Дошли до избы. Озираясь, Степанида провела Ярофея в подклеть. Ночь
Ярофей провел в тревоге, в полусне.
Неотступно тревожил ласковый шепот Степаниды, мерещились ее глаза.
Дивился Ярофей: чудна жизнь, в сердце человека премного тайников и троп
непролазных. Приметен глаз у Ярофея, горячий, взглянет - обожжет; чует
Ярофей в таежной глуши хитрую звериную поступь, а вот как подкралась
Степанида, того не усмотрел.
Дивился Ярофей, и от радости наливалось сердце сладостной тревогой,
колотилось неудержно, торопливо. И казалось Ярофею: он - птица и,
всплеснув крыльями, летит над тайгой, оглядывая заветные дали зорким
глазом.
Едва скользнул в оконце утренний свет, послышалась осторожная
поступь. Степанида вошла бесшумно. Ярофей вскочил, легко поднял ее,
обомлевшую, теплую, желанную. Припав к веснушчатой щеке, он отрывисто
шептал:
- Дай снесу тебя, Степанида, в свою избу. Сила во мне страшенная...

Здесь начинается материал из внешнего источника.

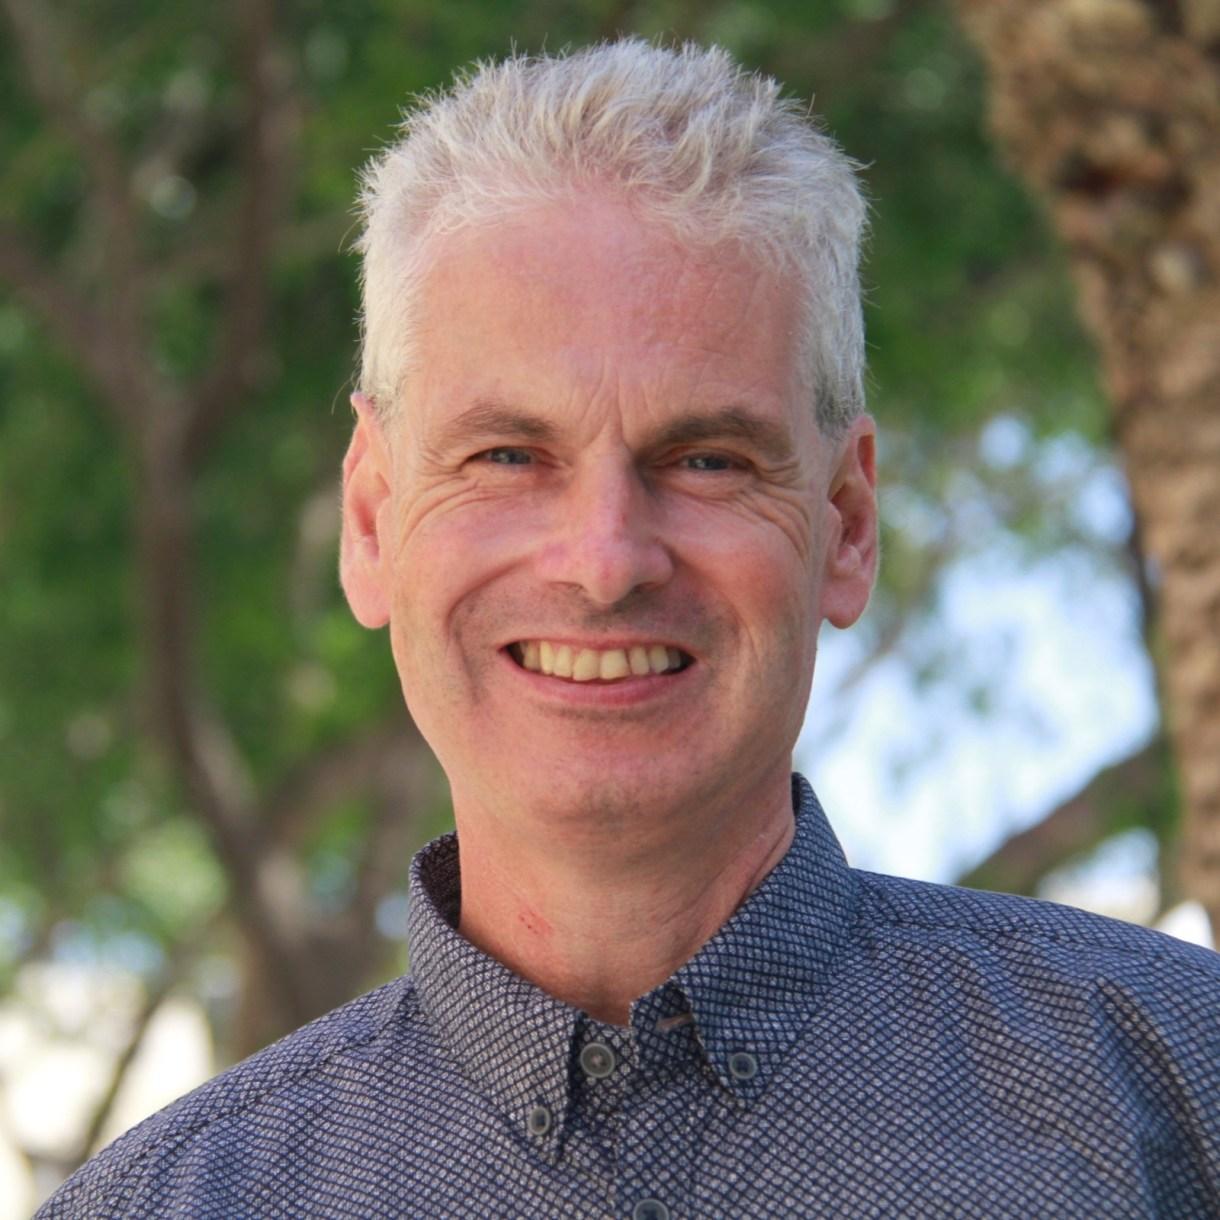 Damian Spiteri

Засмеялась, обвила шею и, обжигая губами, отвечала:
- Не можно, Ярофеюшка, мужняя жена я...
- Так ли? - загорелся Ярофей.
- Не можно, - повторяла Степанида, всем телом льнула к Ярофею и
сжимала горячими руками еще крепче его шею.
Вмиг выскользнула, выпрямилась, заговорила тревожно:
- Страшусь, Ярофеюшка, не позору, - за тебя страшусь, месяц синенький
мой, быть тебе сгублену...
- Не страшись, Степанида, были бы у сокола крылья, а небес хватит.
- Лют и злобен воевода, - говорила Степанида, плотнее прижималась к
Ярофею и торопливо перебирала пальцами жесткие кольца его бороды.
Всхлипывая и глотая слезы, поведала она свои злоключения и кровные
обиды; рассказала и о хитростях бабьих, которые помогли ей обманывать
воеводу, добыть ключи от тюремной избы. Только накликала на себя гнев и
насмешки многих сабуровцев.
- За гулящую признали, - жалобилась Степанида, - срамными словами при
встречах помыкали.
Ярофей обнимал Степаниду молча, и примечала она, как вздымались у
него на шее жилы, плотно сжимались губы, кривилась бровь...
Сабуровка готовилась к весне.
Дознались низовые сабуровцы о новых происках воеводы. Плыли слухи о
бегстве Ярофея, но толком никто ничего не знал. Коварства лиходея воеводы
беспредельны: мог казнить Ярофея и слух пустить. Перестали ладить сохи,
хомуты, бороны, потянулись узловатые пальцы к самопалам, рогатинам, мечам.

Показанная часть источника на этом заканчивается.